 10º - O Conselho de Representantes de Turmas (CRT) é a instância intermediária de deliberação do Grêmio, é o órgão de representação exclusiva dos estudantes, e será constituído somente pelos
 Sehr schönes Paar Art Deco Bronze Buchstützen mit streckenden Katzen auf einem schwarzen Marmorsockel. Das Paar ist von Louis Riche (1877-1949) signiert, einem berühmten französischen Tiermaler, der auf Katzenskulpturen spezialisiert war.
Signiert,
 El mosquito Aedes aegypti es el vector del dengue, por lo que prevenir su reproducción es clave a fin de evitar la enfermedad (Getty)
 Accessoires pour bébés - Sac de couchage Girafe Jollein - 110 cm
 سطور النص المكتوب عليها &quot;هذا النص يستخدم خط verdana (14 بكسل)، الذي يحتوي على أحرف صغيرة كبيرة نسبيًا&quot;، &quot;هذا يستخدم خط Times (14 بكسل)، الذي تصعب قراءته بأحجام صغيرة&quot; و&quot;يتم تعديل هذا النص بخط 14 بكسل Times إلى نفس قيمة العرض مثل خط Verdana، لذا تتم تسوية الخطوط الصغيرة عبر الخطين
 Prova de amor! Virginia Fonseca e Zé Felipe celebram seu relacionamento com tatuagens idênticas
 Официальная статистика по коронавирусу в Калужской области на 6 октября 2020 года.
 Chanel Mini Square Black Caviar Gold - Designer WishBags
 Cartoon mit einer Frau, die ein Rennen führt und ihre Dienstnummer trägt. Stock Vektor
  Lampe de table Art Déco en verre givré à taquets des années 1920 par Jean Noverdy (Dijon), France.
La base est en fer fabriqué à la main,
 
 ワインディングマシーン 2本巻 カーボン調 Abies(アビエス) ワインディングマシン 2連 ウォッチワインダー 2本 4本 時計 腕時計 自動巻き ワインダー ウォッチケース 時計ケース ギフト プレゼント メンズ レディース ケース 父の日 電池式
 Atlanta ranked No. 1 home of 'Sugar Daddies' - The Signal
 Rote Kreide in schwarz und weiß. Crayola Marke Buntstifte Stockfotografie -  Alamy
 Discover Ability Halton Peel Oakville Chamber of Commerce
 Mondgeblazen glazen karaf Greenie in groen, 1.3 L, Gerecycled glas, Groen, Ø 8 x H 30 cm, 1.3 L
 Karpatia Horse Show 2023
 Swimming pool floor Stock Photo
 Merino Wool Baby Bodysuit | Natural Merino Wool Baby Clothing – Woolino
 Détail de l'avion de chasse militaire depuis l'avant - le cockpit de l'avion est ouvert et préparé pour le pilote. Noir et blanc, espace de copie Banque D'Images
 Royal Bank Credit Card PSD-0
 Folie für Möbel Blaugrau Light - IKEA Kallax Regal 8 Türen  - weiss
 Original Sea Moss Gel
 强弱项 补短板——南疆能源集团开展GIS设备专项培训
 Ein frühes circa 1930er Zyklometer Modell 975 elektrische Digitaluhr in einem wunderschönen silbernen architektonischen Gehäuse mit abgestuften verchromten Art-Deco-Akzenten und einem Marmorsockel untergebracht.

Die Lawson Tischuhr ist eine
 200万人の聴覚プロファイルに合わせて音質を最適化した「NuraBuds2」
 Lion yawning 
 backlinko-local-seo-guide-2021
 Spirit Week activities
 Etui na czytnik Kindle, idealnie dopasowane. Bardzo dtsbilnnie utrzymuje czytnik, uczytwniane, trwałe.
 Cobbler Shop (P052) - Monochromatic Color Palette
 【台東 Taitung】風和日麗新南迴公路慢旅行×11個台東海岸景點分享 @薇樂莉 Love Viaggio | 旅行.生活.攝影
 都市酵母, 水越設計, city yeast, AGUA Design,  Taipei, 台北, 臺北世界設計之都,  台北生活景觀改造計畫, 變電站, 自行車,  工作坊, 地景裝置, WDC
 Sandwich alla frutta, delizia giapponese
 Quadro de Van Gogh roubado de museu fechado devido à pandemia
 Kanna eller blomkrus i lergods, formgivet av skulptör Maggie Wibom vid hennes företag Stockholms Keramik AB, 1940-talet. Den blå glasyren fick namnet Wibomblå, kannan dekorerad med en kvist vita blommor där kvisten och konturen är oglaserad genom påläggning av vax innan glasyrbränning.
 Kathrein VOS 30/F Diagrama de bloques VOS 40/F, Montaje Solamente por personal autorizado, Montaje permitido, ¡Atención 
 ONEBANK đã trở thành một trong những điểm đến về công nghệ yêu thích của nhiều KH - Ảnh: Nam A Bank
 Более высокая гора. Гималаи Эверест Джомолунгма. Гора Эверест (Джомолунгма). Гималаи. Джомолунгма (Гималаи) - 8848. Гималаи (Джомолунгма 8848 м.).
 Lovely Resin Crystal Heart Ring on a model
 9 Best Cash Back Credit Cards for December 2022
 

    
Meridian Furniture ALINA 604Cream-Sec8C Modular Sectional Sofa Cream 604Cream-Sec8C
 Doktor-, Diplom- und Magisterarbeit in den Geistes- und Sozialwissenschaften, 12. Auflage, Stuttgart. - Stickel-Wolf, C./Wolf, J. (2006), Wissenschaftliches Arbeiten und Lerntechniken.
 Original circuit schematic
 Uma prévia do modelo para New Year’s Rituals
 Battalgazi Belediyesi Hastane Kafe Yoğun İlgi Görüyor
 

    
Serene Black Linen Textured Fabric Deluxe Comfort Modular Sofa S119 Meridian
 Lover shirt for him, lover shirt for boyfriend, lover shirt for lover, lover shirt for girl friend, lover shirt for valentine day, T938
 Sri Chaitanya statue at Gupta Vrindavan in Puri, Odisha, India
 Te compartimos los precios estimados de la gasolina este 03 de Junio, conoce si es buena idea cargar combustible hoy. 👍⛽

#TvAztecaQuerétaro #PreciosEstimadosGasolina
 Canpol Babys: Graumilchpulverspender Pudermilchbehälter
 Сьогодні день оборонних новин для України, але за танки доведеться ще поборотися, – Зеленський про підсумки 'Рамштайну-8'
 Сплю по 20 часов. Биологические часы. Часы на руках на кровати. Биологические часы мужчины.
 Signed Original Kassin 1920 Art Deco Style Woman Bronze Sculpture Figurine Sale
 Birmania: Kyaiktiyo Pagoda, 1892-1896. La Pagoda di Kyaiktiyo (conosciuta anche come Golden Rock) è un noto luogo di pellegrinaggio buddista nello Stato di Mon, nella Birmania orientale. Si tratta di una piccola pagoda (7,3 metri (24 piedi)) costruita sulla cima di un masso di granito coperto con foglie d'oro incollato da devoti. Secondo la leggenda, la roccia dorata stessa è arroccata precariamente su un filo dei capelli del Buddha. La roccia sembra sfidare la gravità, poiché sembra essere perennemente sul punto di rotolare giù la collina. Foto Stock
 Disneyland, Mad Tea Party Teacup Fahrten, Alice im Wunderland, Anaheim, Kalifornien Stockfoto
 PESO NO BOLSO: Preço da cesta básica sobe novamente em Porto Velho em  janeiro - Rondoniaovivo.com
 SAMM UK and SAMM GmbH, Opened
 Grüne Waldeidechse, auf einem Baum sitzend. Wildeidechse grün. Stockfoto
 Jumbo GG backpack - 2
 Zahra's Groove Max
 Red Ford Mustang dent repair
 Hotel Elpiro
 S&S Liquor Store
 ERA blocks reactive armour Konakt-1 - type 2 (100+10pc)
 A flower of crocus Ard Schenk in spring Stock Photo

+--

**Exercise details:** Print the lines above from the one with "强弱项 补短板——南疆能源集团开展GIS设备专项培训" through the one with "ONEBANK đã trở", both included, exactly as written and nothing more.

**Your solution:**
 强弱项 补短板——南疆能源集团开展GIS设备专项培训
 Ein frühes circa 1930er Zyklometer Modell 975 elektrische Digitaluhr in einem wunderschönen silbernen architektonischen Gehäuse mit abgestuften verchromten Art-Deco-Akzenten und einem Marmorsockel untergebracht.

Die Lawson Tischuhr ist eine
 200万人の聴覚プロファイルに合わせて音質を最適化した「NuraBuds2」
 Lion yawning 
 backlinko-local-seo-guide-2021
 Spirit Week activities
 Etui na czytnik Kindle, idealnie dopasowane. Bardzo dtsbilnnie utrzymuje czytnik, uczytwniane, trwałe.
 Cobbler Shop (P052) - Monochromatic Color Palette
 【台東 Taitung】風和日麗新南迴公路慢旅行×11個台東海岸景點分享 @薇樂莉 Love Viaggio | 旅行.生活.攝影
 都市酵母, 水越設計, city yeast, AGUA Design,  Taipei, 台北, 臺北世界設計之都,  台北生活景觀改造計畫, 變電站, 自行車,  工作坊, 地景裝置, WDC
 Sandwich alla frutta, delizia giapponese
 Quadro de Van Gogh roubado de museu fechado devido à pandemia
 Kanna eller blomkrus i lergods, formgivet av skulptör Maggie Wibom vid hennes företag Stockholms Keramik AB, 1940-talet. Den blå glasyren fick namnet Wibomblå, kannan dekorerad med en kvist vita blommor där kvisten och konturen är oglaserad genom påläggning av vax innan glasyrbränning.
 Kathrein VOS 30/F Diagrama de bloques VOS 40/F, Montaje Solamente por personal autorizado, Montaje permitido, ¡Atención 
 ONEBANK đã trở thành một trong những điểm đến về công nghệ yêu thích của nhiều KH - Ảnh: Nam A Bank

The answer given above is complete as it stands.